In this chapter, you will use the datasets you prepared and ingested previously to train a multivariate anomaly detection model. You will learn how to configure your model training and the impact each parameter can have on your results. You will also develop an understanding of the key drivers that can increase your training duration. At the end of this chapter, we will walk through the evaluation and diagnostics dashboard to give you the right perspective about the quality of the outputs.

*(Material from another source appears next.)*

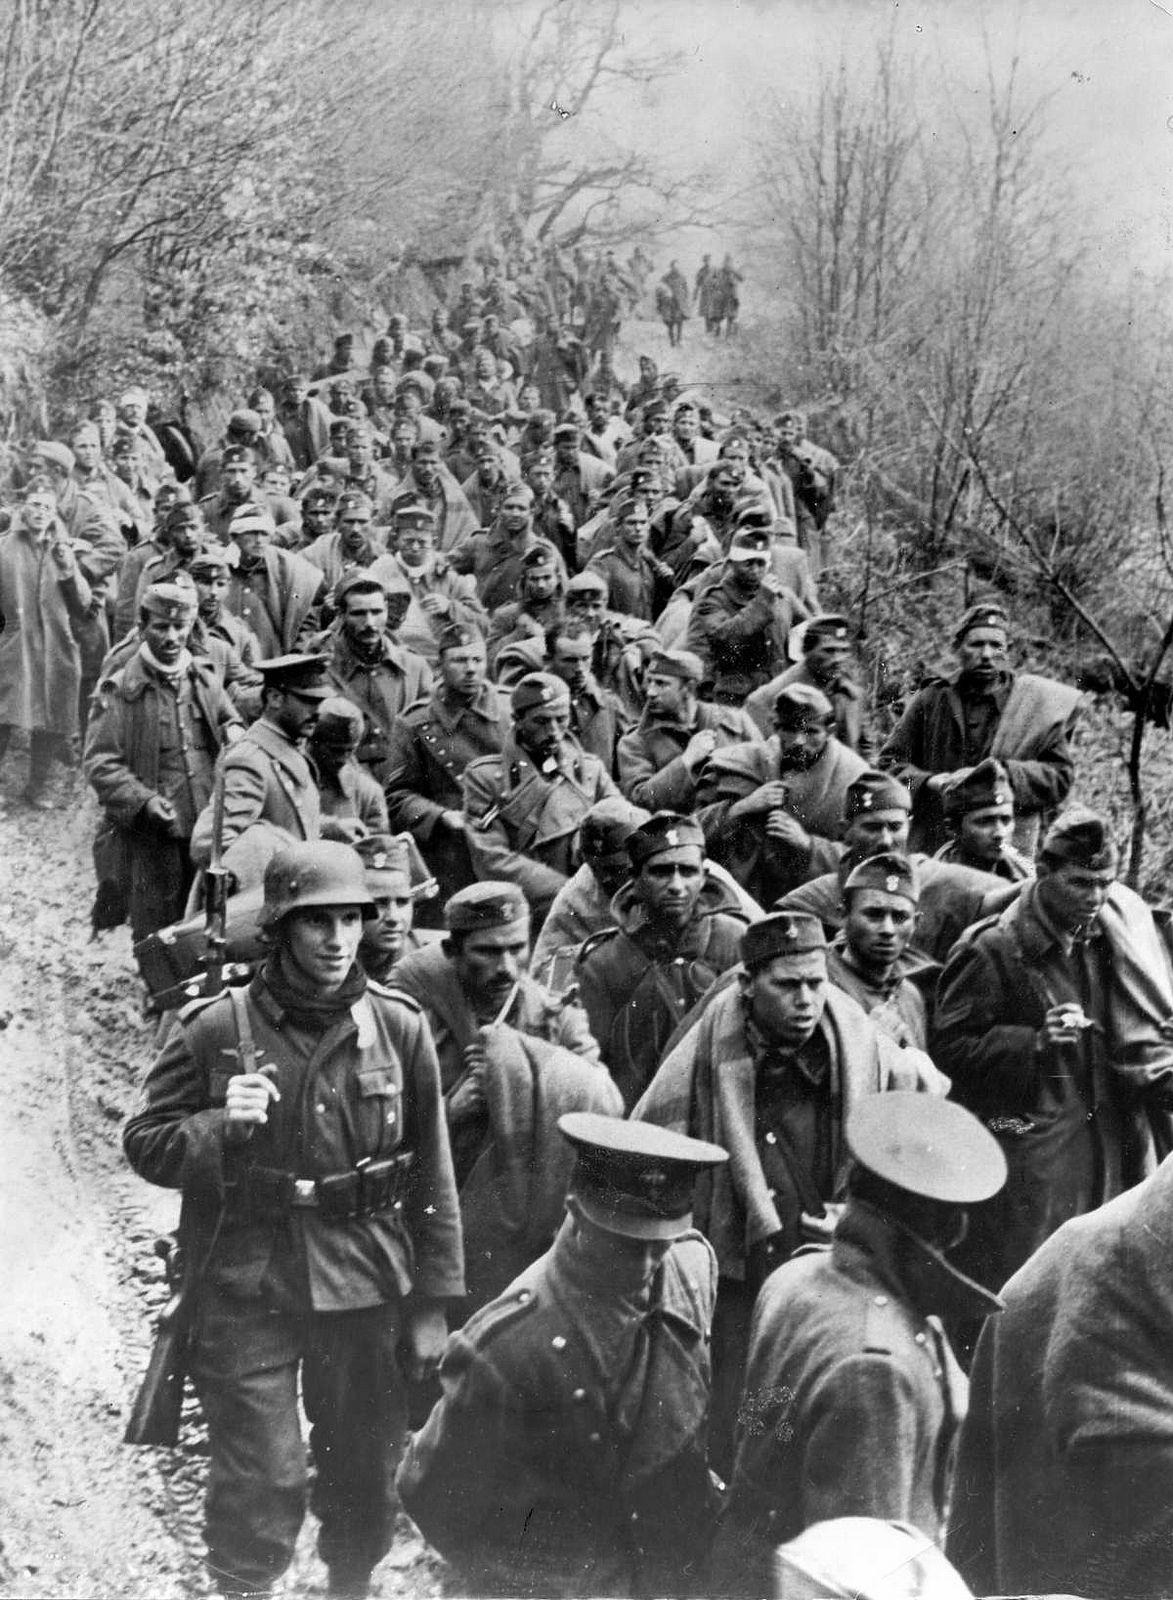 1941, Yougoslavie, Une colonne de POWs yougoslaves en ordre de marche | Flickr - Photo Sharing!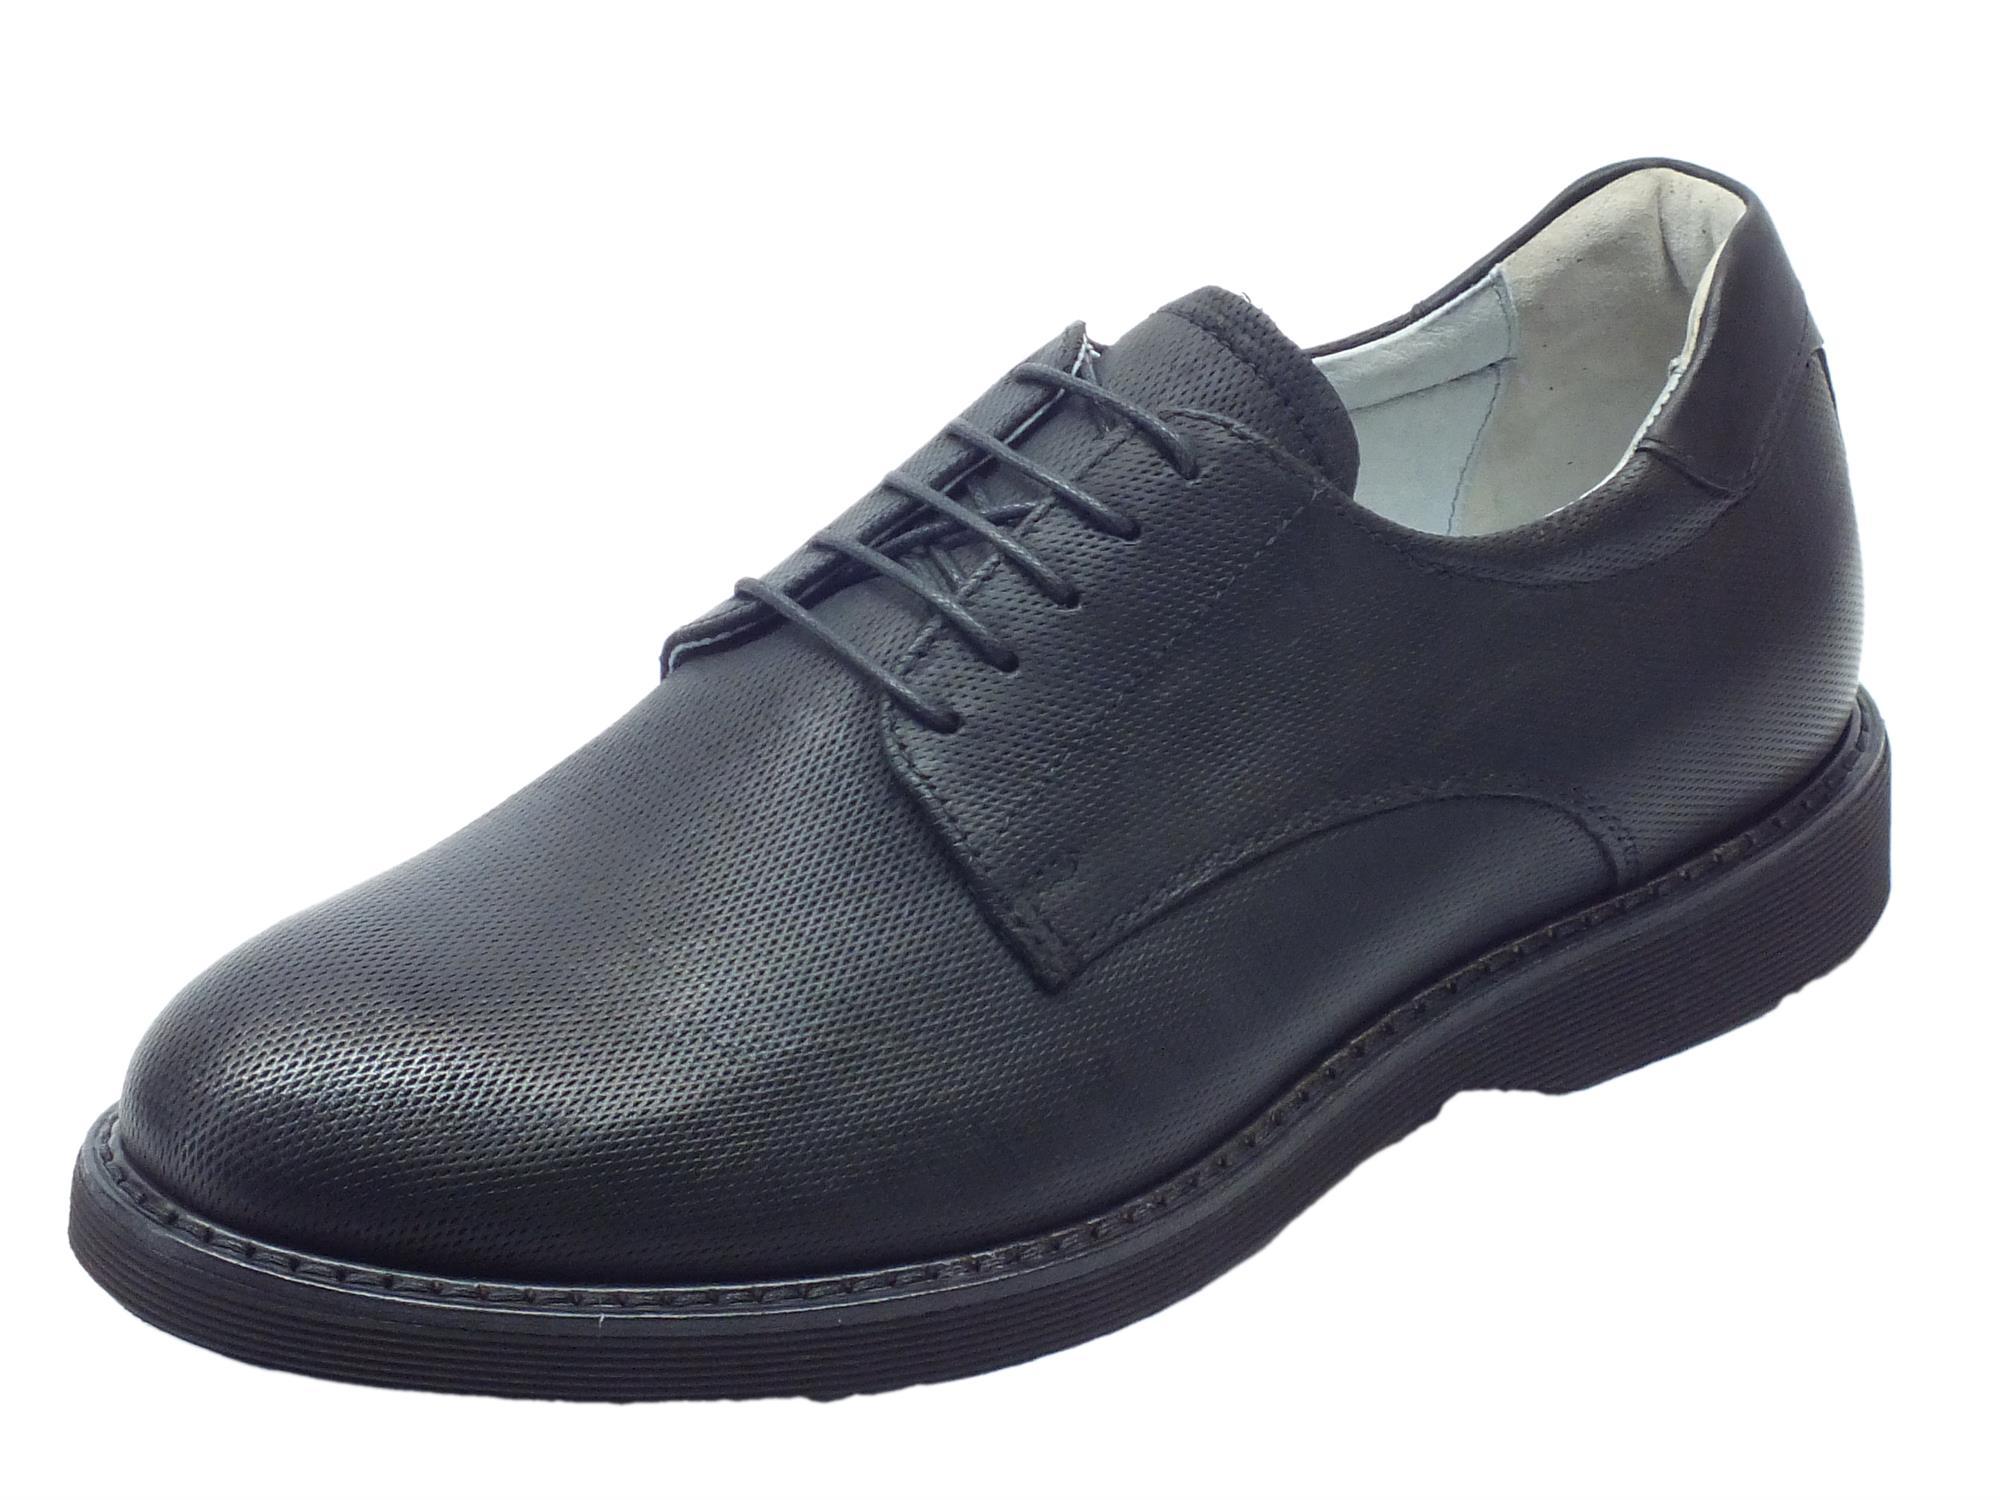 2766ffa5de Scarpe eleganti NeroGiardini per uomo in pelle nera microforata

In this chapter, we're going to cover the following main topics:
No hands-on experience with a language such as Python or R is necessary to follow this chapter's content. However, we highly recommend that you read this chapter while connected to your AWS account and open the Amazon Lookout for Equipment console to run the different actions on your end.
To create an AWS account and log into the Amazon Lookout for Equipment console, you can refer to the Technical requirements section of Chapter 2, An Overview of Amazon Forecast.
In the previous chapter, you created an Amazon Lookout for Equipment dataset and ingested your first time series dataset in it. You are now ready to train an anomaly detection model.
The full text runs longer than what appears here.